Cryptocurrency investment and trading have caused numerous discussions in the world of finance; many say it is a good investment though the same would argue the opposite. Doubts on cryptocurrency investment mostly arose from its volatility. You can’t really predict where it will go; will it cause you a great gain or give you a huge loss.
This article will introduce you to the pros and cons of both stablecoins and Bitcoins. To find out which will be a better investment for you, is it the answer to cryptocurrency volatility– the less volatile stablecoins or is it the original crypto–, the more profitable Bitcoin.
Before deciding which investment is better fitted to your financial status and your financial goals, you should be aware of the advantages and disadvantages of both stablecoins and Bitcoins.
So first, here are the factors which you have to consider before thinking of investing in stablecoins.
The Pros and Cons of Investing in Stablecoins
Experts say stablecoins became a popular investment option for it offers stability, thus the name stablecoins. It offers its investors little to no volatility.

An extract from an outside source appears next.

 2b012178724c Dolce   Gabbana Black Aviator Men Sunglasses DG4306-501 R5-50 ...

Crypto investors who doubt the effectiveness of Bitcoin since it is a highly volatile asset would go for stablecoins.
- Stablecoins are backed by stable assets.
Stablecoins are backed by assets with stable price value like USD and other fiat currency as well as gold; this means that you can have your stablecoins redeemed for its equal value of any of the two, whether USD or gold.

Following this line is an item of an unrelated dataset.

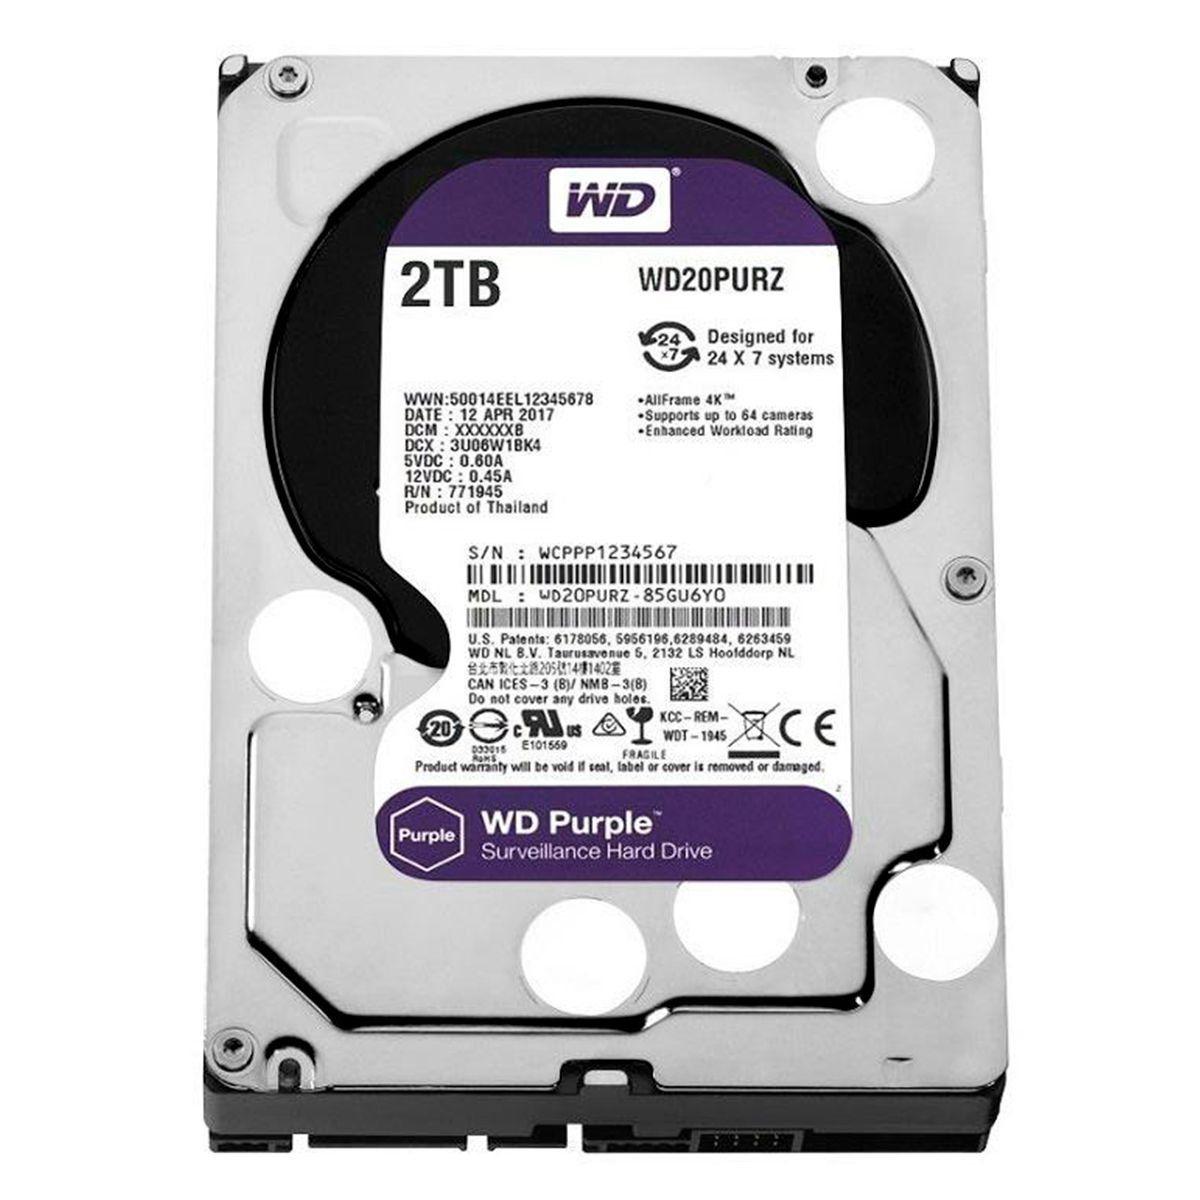 Kit 16 Câmeras de Segurança Intelbras Full HD 1080p VHD 1220B IR + DVR Intelbras Full HD C/ HD 2TB + Acessórios

- No constant price fluctuations
Since stablecoins are designed to have little to no price fluctuations, you could expect its price to remain the same even after five years of obtaining it. It will protect you from the sudden crashes in the market value of other cryptocurrencies like Bitcoins and altcoins.
However, it could also be taken as a disadvantage as its price will remain the same even after years of you investing in it; thus, it will not give you the profit you could have if you decide to invest in Bitcoins.
- Lesser risk
Stablecoins’ stability is also the factor that gives it its lesser risk in investment market value. Lesser risks offered by stablecoins are also possible because it allows transparency to its investors and is protected by regular auditing. So investors who are afraid of the risks Bitcoins have, which they have expected to encounter from investing in it, will go for stablecoins. Though, the lesser risk would mean lesser profit.

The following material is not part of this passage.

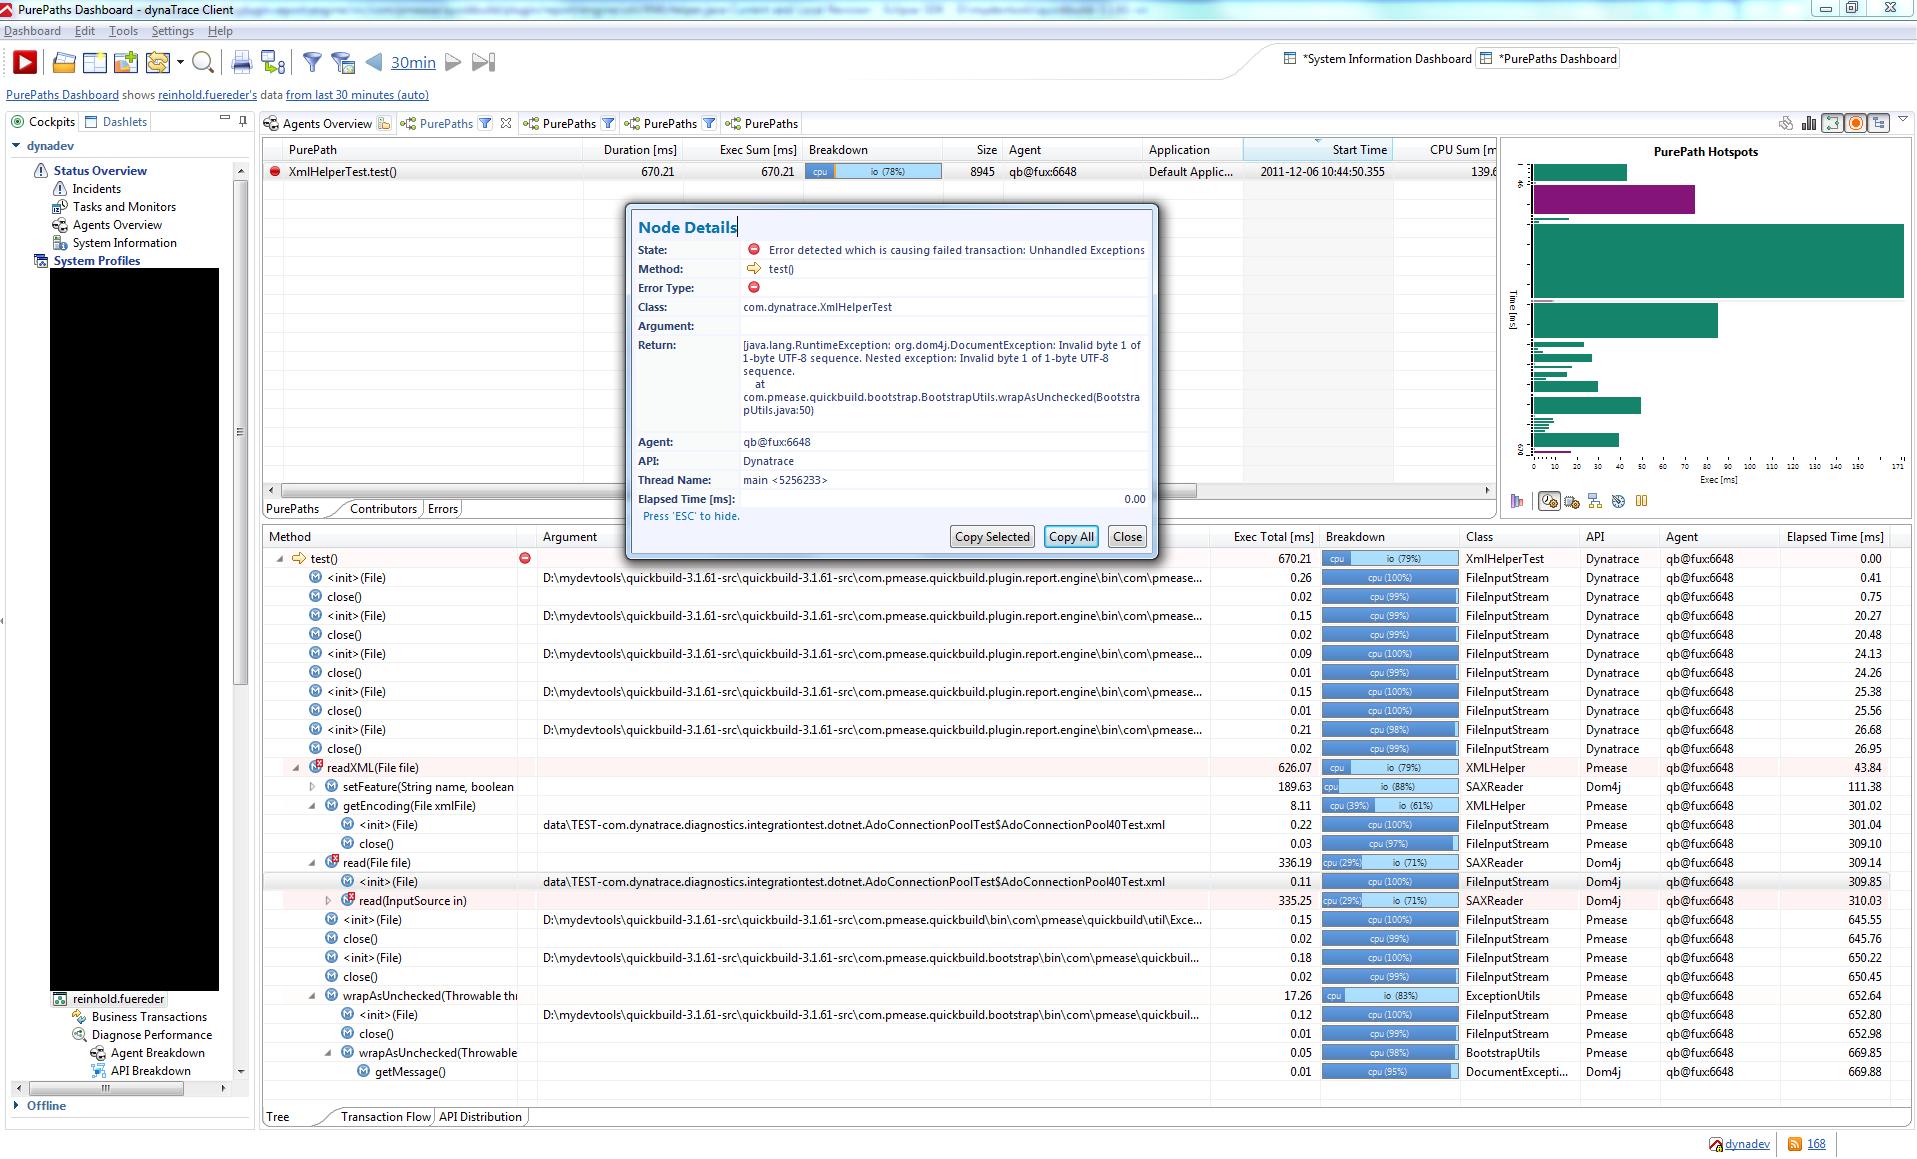 Svn merge invalid status for updating properties

If you want stability and want to avoid high-risk investments, investing in stablecoins is a good option for you.
Because there is also a long list of stablecoins that exists up to date, here is a list of the most popular types of stablecoins:
- Binance USD (BUSD) – launched in 2019, one of the dollar-backed stablecoins. One Binance USD is equal to one dollar.
- Tether (USDT) – Tether is anchored with US Dollar and is on a 1:1 ratio of USD, same with BUSD.
- Diem (formerly Libra) – Mark Zuckerberg launched this Facebook cryptocurrency which is a blockchain-based payment system that offers lower price money remittance through Facebook applications.
- Digix Gold – is backed by gold; this is launched to make gold divisible, transferable, and redeemable. One Digix is equivalent to the value of one gram of gold.
Now, for you to weigh your choices better, here are the factors you will have to consider when deciding to invest in Bitcoin.
- Higher profit gain
The reason why many investors believe that Bitcoin is a worthy investment is that Bitcoin offers a relatively higher profit gain despite its risks. Head over to the Bitcoin Superstar website for reliable, safe, and beginner-friendly software for trading crypto. When Bitcoin trading is done right, you could go up to double your investment. Though you have to keep in mind that a higher profit means a higher risk, so when investing in Bitcoin, be sure to invest what you can lose. Think of it this way, you want to invest $500 and get the best trade opportunity which might give you the best possible gain, but are you willing to lose $500?
- Level of control
Investing in Bitcoin means you have full control over your asset; you decide which trades will make you the best possible profit gain and where to buy and sell, and when to do it. Whereas stablecoins, which are backed by assets like USD or gold, will always be highly dependent on their price value; thus, you can’t really have control over the gains you will receive from investing in stablecoins.
- New opportunities and potential
Bitcoins still have a lot of potentials to improve, with growing numbers of Bitcoin trading platforms, the invention of new trading bots to assist trading, and the increasing number of investors and traders, as compared to the traditional assets which backed up stablecoins. Bitcoins volatility may mean higher risk, but it also means its unpredictability as well as its potential, which might result in new trade opportunities to make up higher profit gains.
If you want higher investment gain and you can tackle higher risk, go for Bitcoin investment and trading. On the other hand, if you want stability and you can go for long-term lower investment profit, go for stablecoins. Your decision must be based on your financial goals, so keep it in mind when deciding where to invest.